A somewhat unexpected development occurred in 1999–2000, when additional components were shown to be associated with some begomoviruses. The first indication of this came with the report by Dry et al. [9] of a ssDNA satellite associated with tomato leaf curl virus (ToLCV) occurring in Australia. Later, this molecule was shown to be a defective (truncated) version of a much larger group of subviral components associated with begomoviruses.

A number of the apparently monopartite begomoviruses were shown to be incapable of inducing bona fide disease symptoms when introduced as infectious clones to the host species from which they were isolated. These included Ageratum yellow vein virus (AYVV) [31] and cotton leaf curl Multan virus (CLCuMV). Clones of these viruses were either not infectious or poorly infectious to the hosts in which they occur naturally; Ageratum conyzoides and Gossypium hirsutum (cotton), respectively [4, 26]. Upon closer inspection, plants naturally infected with AYVV and CLCuMV were shown to include additional ssDNA components. The first, now known as DNA-1, was interesting because it has similarity to, and likely evolved from, components of another group of ssDNA viruses; the nanoviruses [18, 25]. DNA-1, however, was shown to play no part in symptom induction or infectivity of its helper virus, and its function remains unclear.

The second group of components, collectively known as DNA-β, were shown to be approximately half the size of a begomovirus component (∼1,360 nucleotides) and required for efficient infection of some hosts [5, 26]. Since they were first recognized, DNA-β components have been shown to be associated with an increasing number of diseases caused by begomoviruses, including many of the most significant, economically damaging diseases occurring in the Old World. Probably the most important of these is cotton leaf curl disease (CLCuD). CLCuD was epidemic during the 1990s across Pakistan and continues to be so in northern India. During 2002, a second epidemic of a resistance-breaking strain of the virus initiated in central Pakistan and is threatening major yield losses for future cotton harvests [17]. The disease is caused by a complex consisting of multiple begomoviruses and a specific DNA-β component. Members of at least seven distinct begomovirus species, but only one type of DNA-β component, were shown to have caused the disease epidemic which occurred during the 1990s [19]. DNA-β has also been associated with the earliest written description of a plant virus disease [29].

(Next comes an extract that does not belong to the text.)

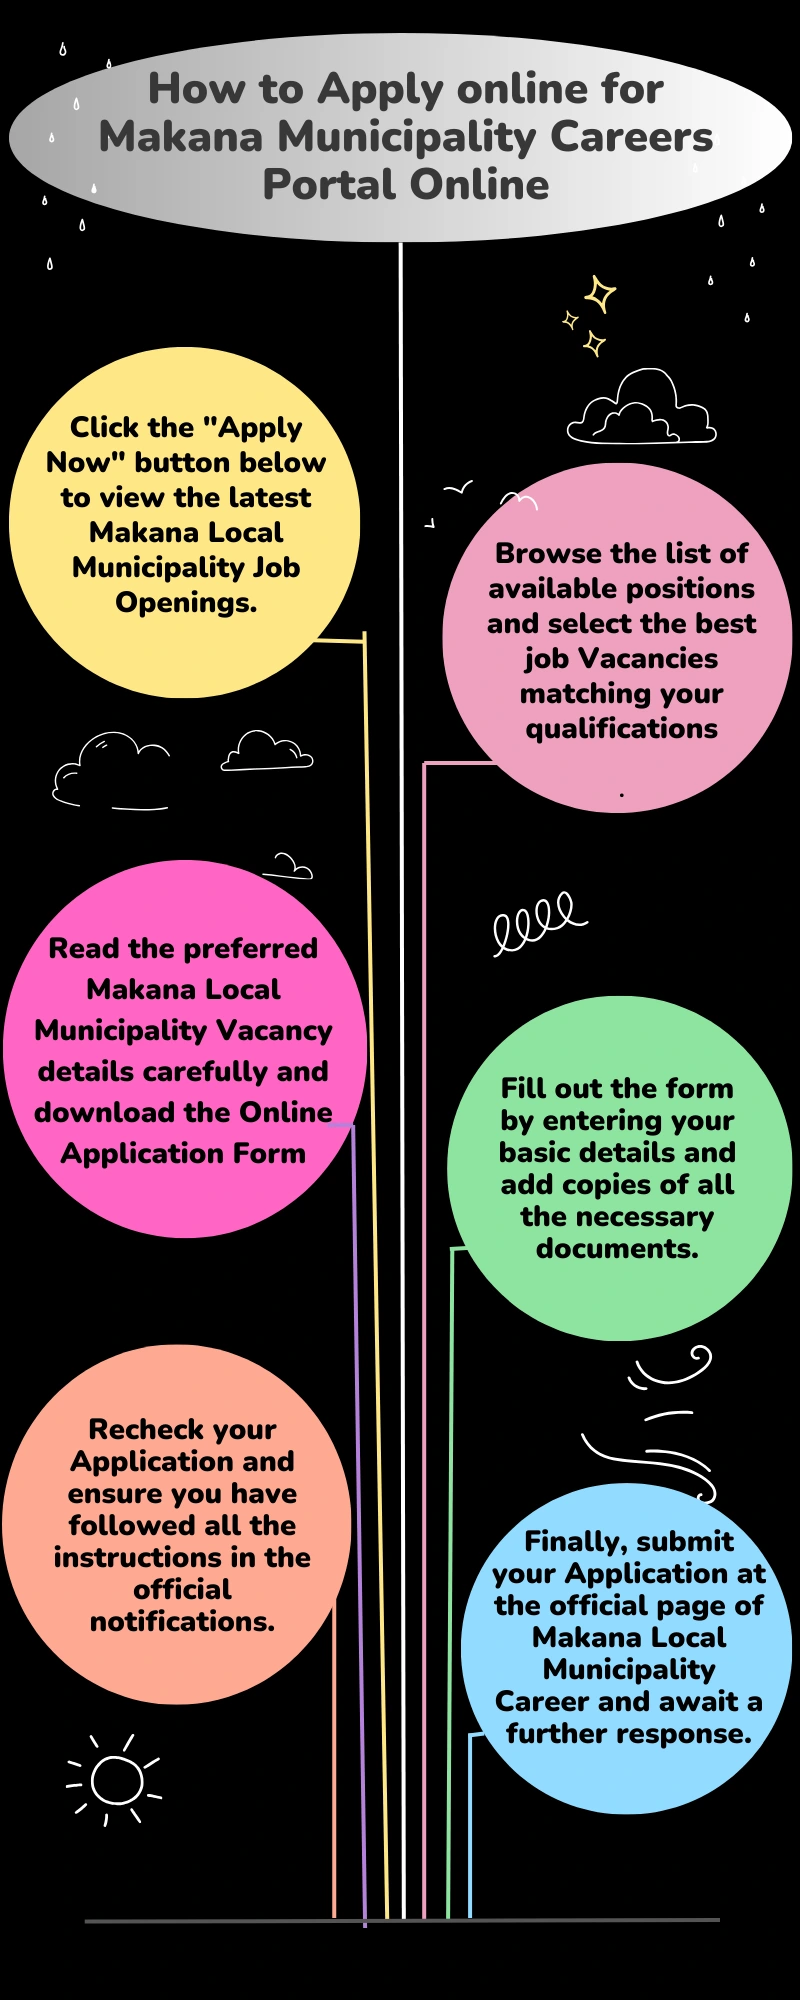 How to Apply online for Makana Municipality Careers Portal Online

Satellites are defined as subviral agents composed of nucleic acid that depend on co-infection with a helper virus for their productive multiplication. Satellite nucleic acids have substantially distinct nucleotide sequences from those of the genomes of their helper viruses. RNAs satellites that are associated with many RNA-containing viruses vary greatly in size, from less than 200 nucleotides to greater than 1,500 nucleotides. Although the larger satellites may encode functional open reading frames, the smaller satellites do not but are highly structured. Despite their small size and the apparent absence of potential gene products, satellites may have a dramatic effect on the symptoms induced by their helper viruses [7, 30]. These effects range from amelioration to severe exacerbation of symptoms, which vary with the helper virus, host plant and satellite combination.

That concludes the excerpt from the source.